# RAF Museum London



## DerAdlerIstGelandet (Nov 14, 2010)

A few weeks ago I flew up to London to go and see my NFL team the San Francisco 49ers play the Denver Broncos in London. While I was there I took the time to check out the RAF Museum. Absolutely amazing museum and well worth the visit. 

Here are some of the pics I took at the museum. Unfortunately I had my camera set wrong, so some of the pics are very dark and did not come out well. Oh well, that just gives me another excuse to fly to London and retake the pics! 

I have broken them down by type of aircraft and the year the actual aircraft was built.

*de Havilland Mosquito B35 (1945)*












*Fokker DVII (1918) *






*Hawker Hart II (1931)*






*Kawasaki Ki-100-1b (1945)*
















Messerschmitt Bf 109G-2 (1942)

























*
Messerschmitt Me 262A-2a Schwalbe (1945)*





















*North American P-51D Mustang (1945)*
















*Sopwith F1 Camel (1918)*


----------



## vikingBerserker (Nov 14, 2010)

Beautiful pics! Definitely one of the places I want to visit.


----------



## DerAdlerIstGelandet (Nov 14, 2010)

*Avro Lancaster MK.1 (1942)*





















*Avro Vulcan B2 (1961)*






*Boeing B17G Fortress (1945)*
















*Consolidated B24L-20-FO Liberator (1944)*











*Focke Wulf Fw190A-8/U-1 (1944)*











*Handley Page Halifax Mk.II (1942)*

This actual aircraft took part in the failed attack on the Tirpitz on 27 Apr 1942 and was shot down by the Battleships AA guns.






*Heinkel He 162A-2 (1945)*
















*North American TB-25 J Mitchell (1944)*











*Grandslam Bomb*






*Fritz X Guided Bomb
*


----------



## DerAdlerIstGelandet (Nov 14, 2010)

Bristol Beaufighter TF Mk.X (1944)






*Bristol Beaufort Mk. VIII (restored from several wrecks)*






*Curtiss Kittyhawk Mk.IV (restored from several wrecks)*











*de Havilland Vampire F3 (1947)*






*Gloster Meteor F8 (1951)*






*Hawker Tempest II (1945)*






*Hawker Typhoon 1B (1944)*
















*Republic P-47D Thunderbolt (1945)*











*Supermarine Spitfire F24 (1943)*






*Supermarine Spitfire Mk.Vb (1940)*


----------



## DerAdlerIstGelandet (Nov 14, 2010)

*Bristol Blenheim Mk.IV (1941)*






*Fiat CR42 Falco (1940)*






*Heinkel He111H-20 (1944)*
















*Junkers Ju87G-2 Stuka (1943)*





















*Junkers Ju88R-1 (1943)*


























*Messerschmitt Bf 109E-3 (1940)*





















*Messerschmitt Bf 110G-2 (1944)*


























*Short Sunderland MR5 (1944)*






Supermarine Spitfire Mk.I (1940)


----------



## Geedee (Nov 14, 2010)

Gimme a shout when you're coming over to visit Hendon / Duxford next time, love to meet up ! 

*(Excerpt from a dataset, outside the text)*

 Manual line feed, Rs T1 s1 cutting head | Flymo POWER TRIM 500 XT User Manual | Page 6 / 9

Thats a great set of pics you've taken there.


----------



## DerAdlerIstGelandet (Nov 14, 2010)

I will let you know.

I had no time to really do anything this time around other than the museum because of the game.


----------



## Gnomey (Nov 14, 2010)

Great shots! Always a good museum to visit.


----------



## Crimea_River (Nov 14, 2010)

Looks like a good stop while in London.

Anyone know if Black 6 (the desert 109) is being (or has been) brought back to flying condition?


----------



## Aaron Brooks Wolters (Nov 14, 2010)

Nice shots Adler!! If you put the shots through Microsoft Paint you may be able to lighten them up. The first set is great. Course, then you won't have a excuse to go back.


----------



## N4521U (Nov 15, 2010)

What a great looking museum...... A must to visit if I ever get "over there"!


----------



## Maximowitz (Nov 15, 2010)

Crimea_River said:


> Looks like a good stop while in London.
> 
> Anyone know if Black 6 (the desert 109) is being (or has been) brought back to flying condition?

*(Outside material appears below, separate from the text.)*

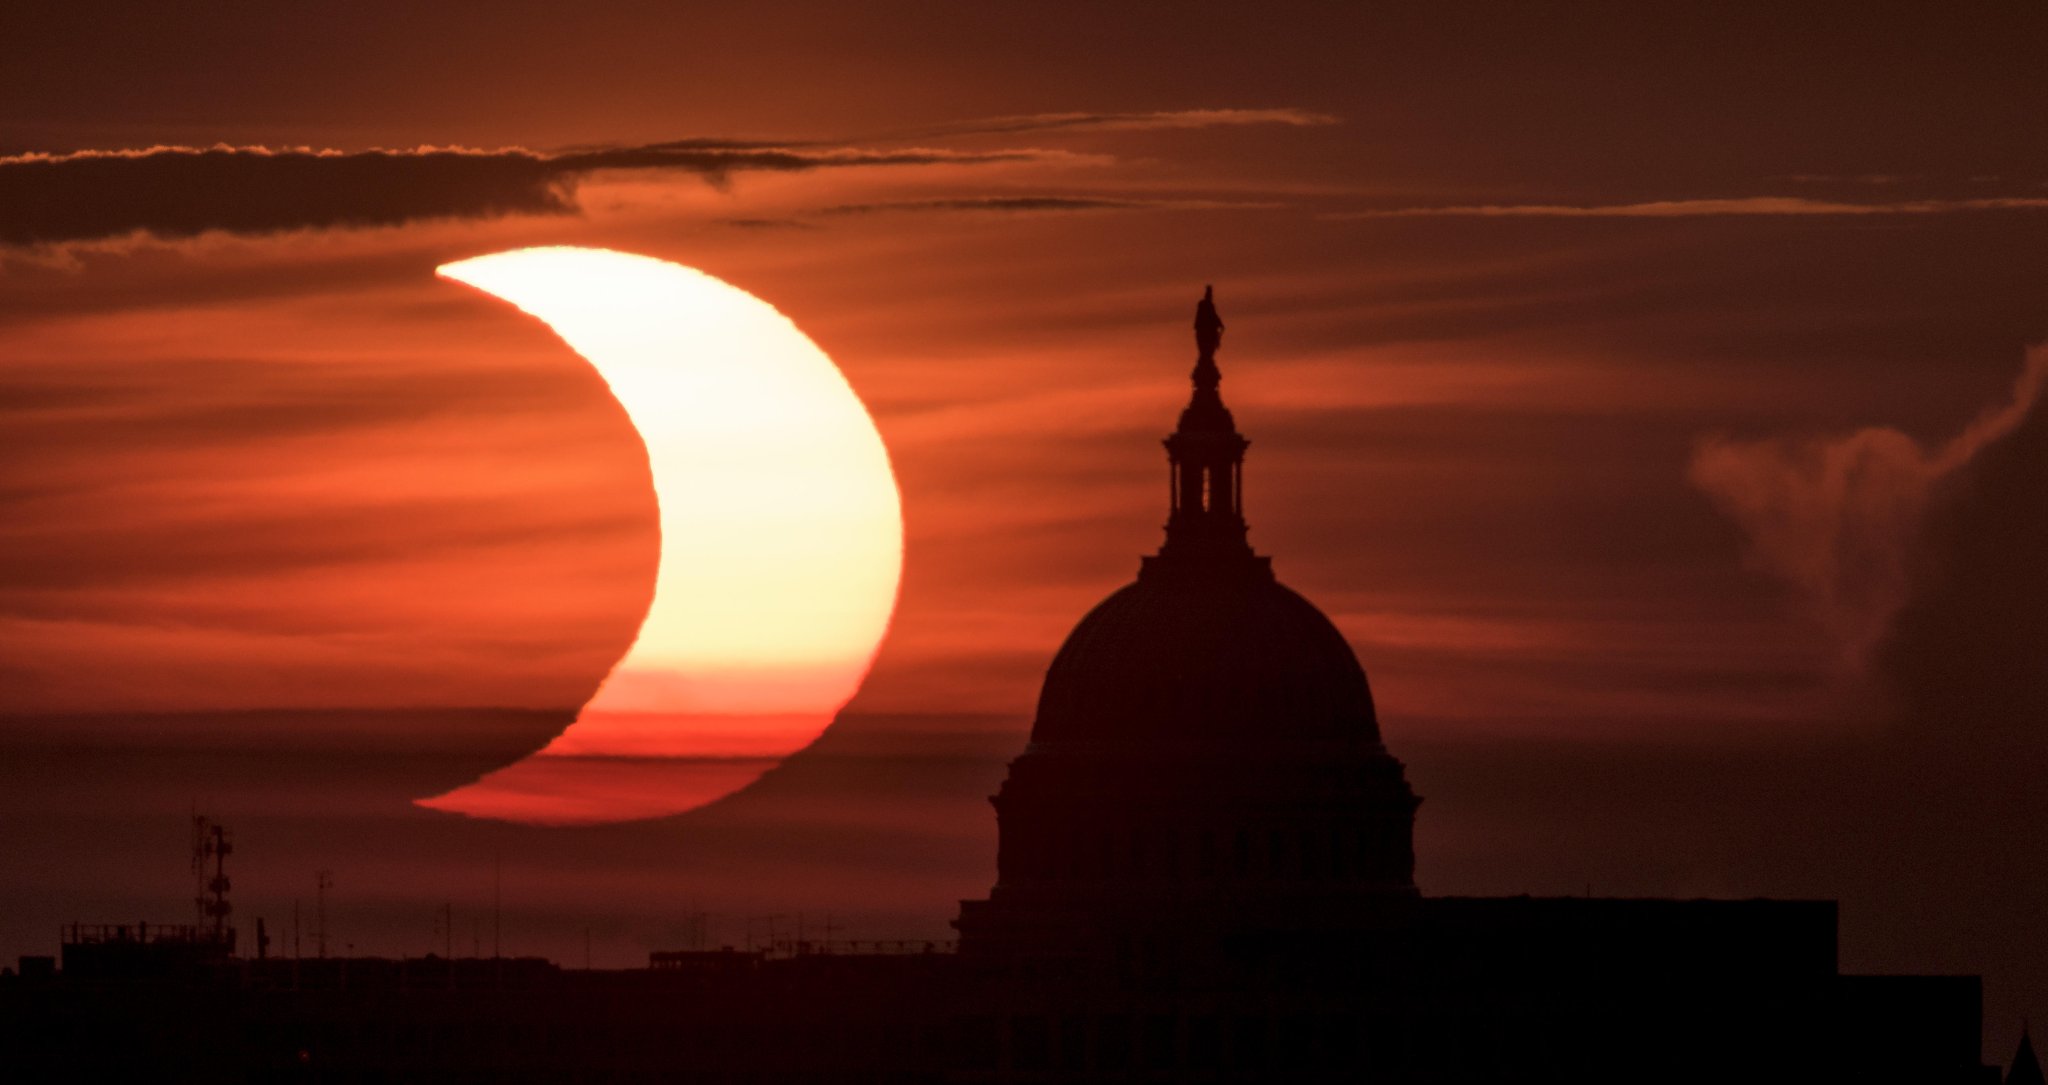 Rare "ring of fire" solar eclipse captured in spectacular photos from around the world

Black 6 was brought back to flying condition, later crashed on landing and then rebuilt for static display.


----------



## Airframes (Nov 15, 2010)

Great shots Chris, thanks.


----------



## wheelsup_cavu (Nov 22, 2010)

Cool pictures.
If that is a life size mannequin next to the Ju-87 it is a much bigger plane than I realized.
http://i140.photobucket.com/albums/r22/coxch9/Royal Airforce Museum London/m60.jpg


Wheels


----------



## Maximowitz (Nov 22, 2010)

The Stuka is indeed a big plane.


----------



## Marcel (Nov 22, 2010)

Nice pics Chris! It's not an easy spot to make good photo's. But its' free and the collection is quite unique.


----------



## Airframes (Nov 22, 2010)

It's a superb Museum, but when it was last 'modernised', the photographic / lighting conditions were ruined, especially in the BoB Hall.


----------



## DerAdlerIstGelandet (Nov 22, 2010)

Marcel said:


> Nice pics Chris! It's not an easy spot to make good photo's. But its' free and the collection is quite unique.

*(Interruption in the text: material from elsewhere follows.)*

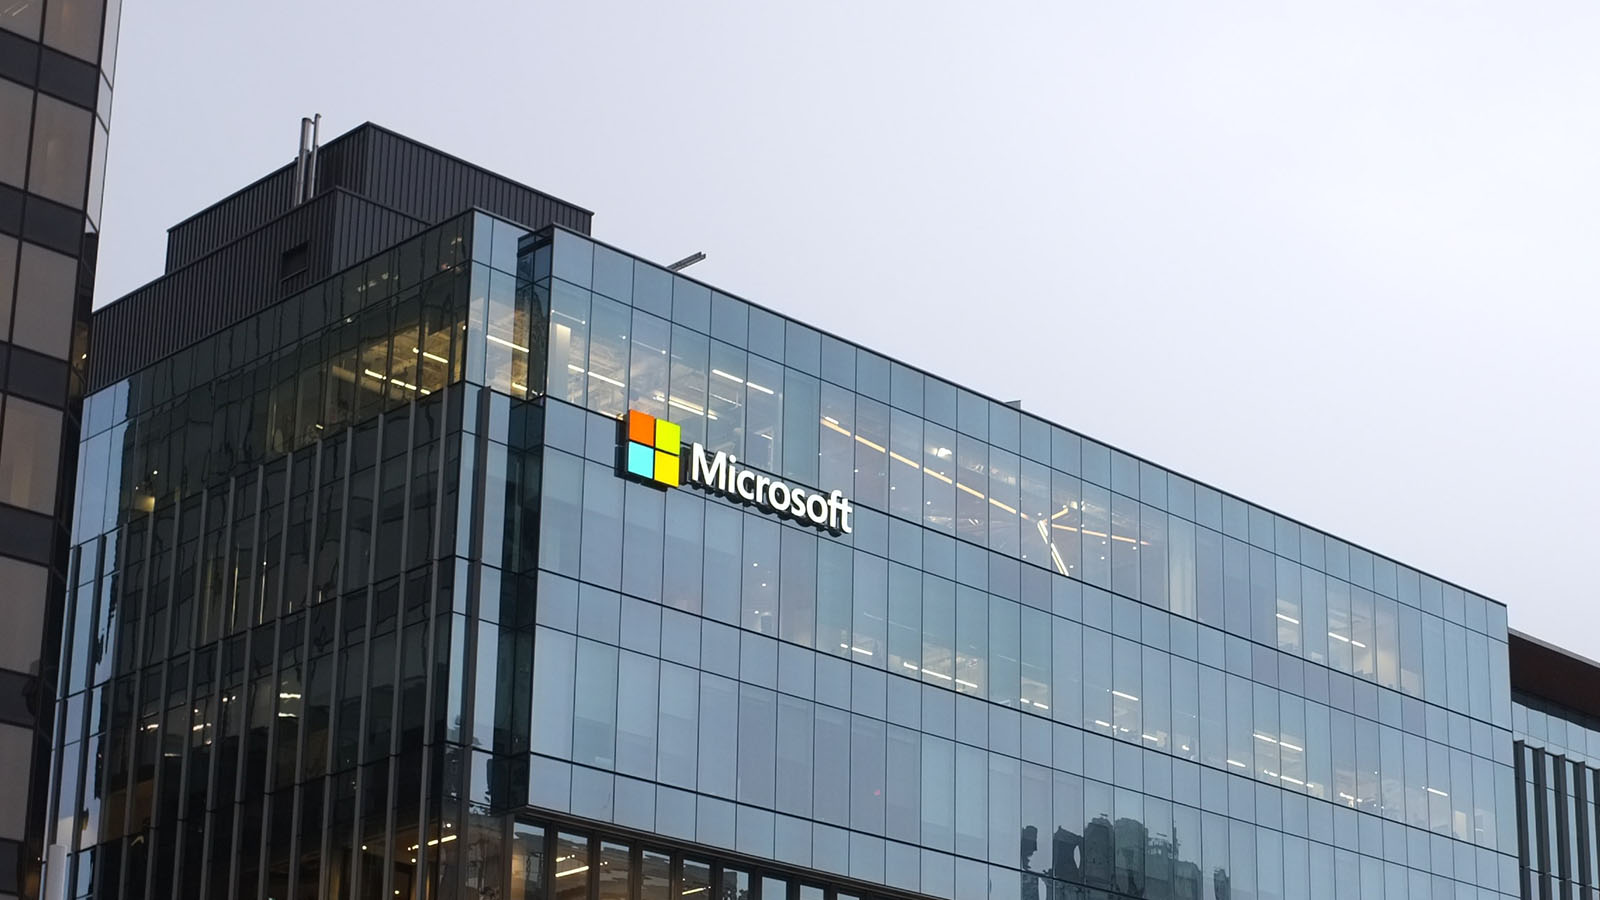 Our partnership with Microsoft
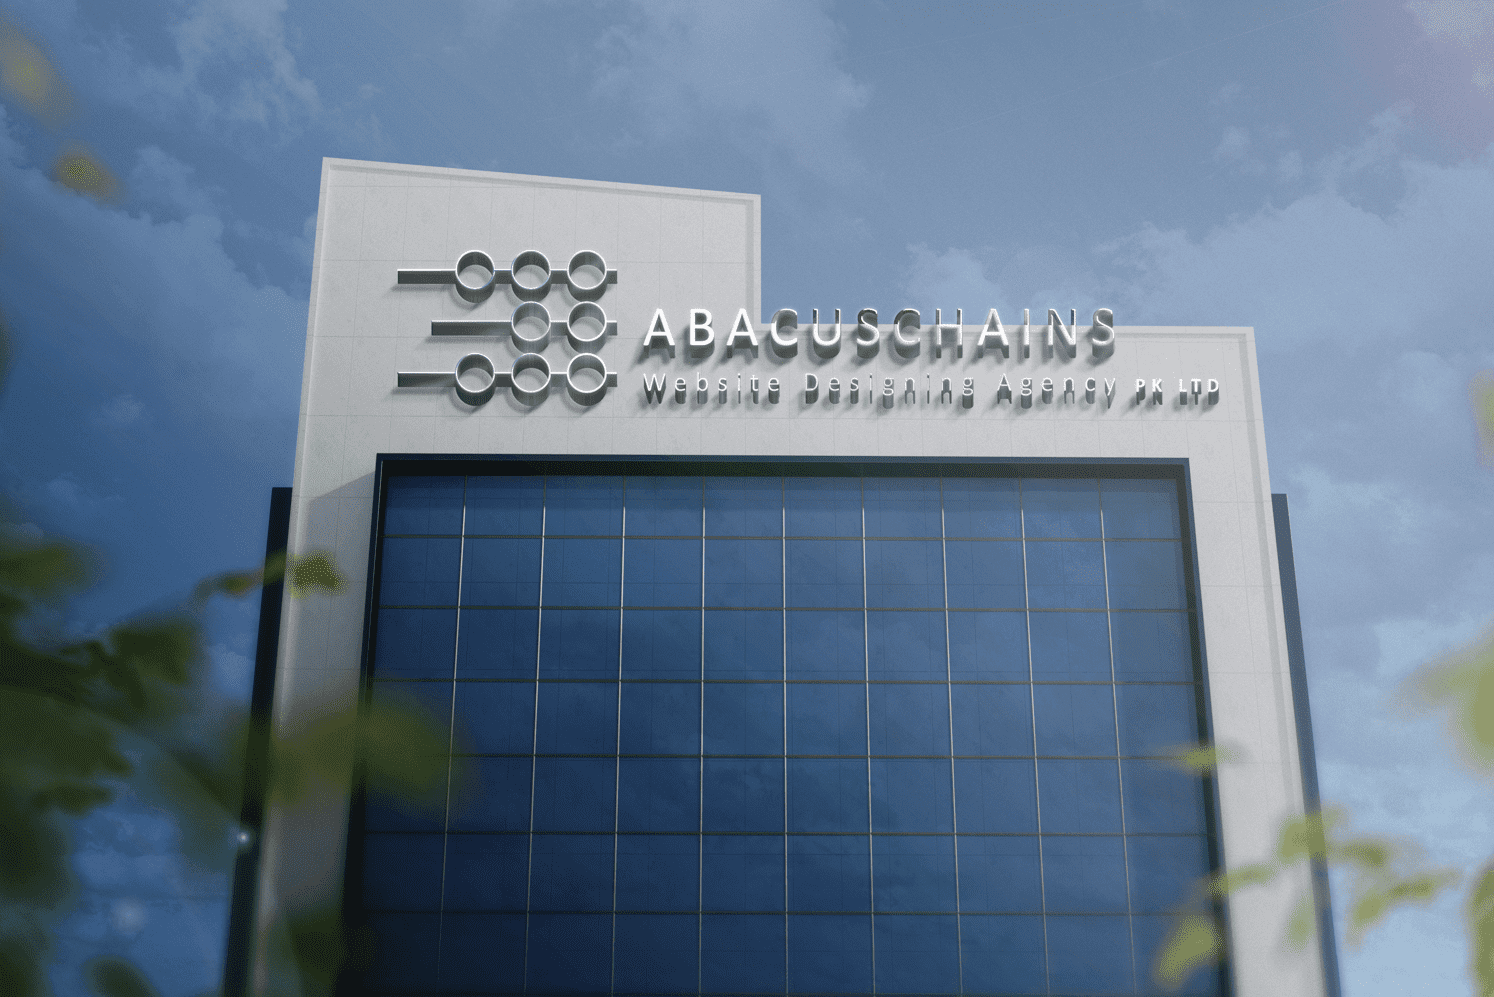 Abacucschains Website Designing Agency Head Office Building Image

That was my only complaint. For most of the aircraft it is terrible to get good photos. The lighting sucks and the aircraft are so close together that you can't single them out or even get shots of the whole aircraft when it comes to the larger ones especially in the bomber hall.


----------



## wheelsup_cavu (Nov 25, 2010)

Space is at a premium at Chino too. Most of the planes are practically parked right on top of one another. Better than at the scrap yard though.


Wheels


----------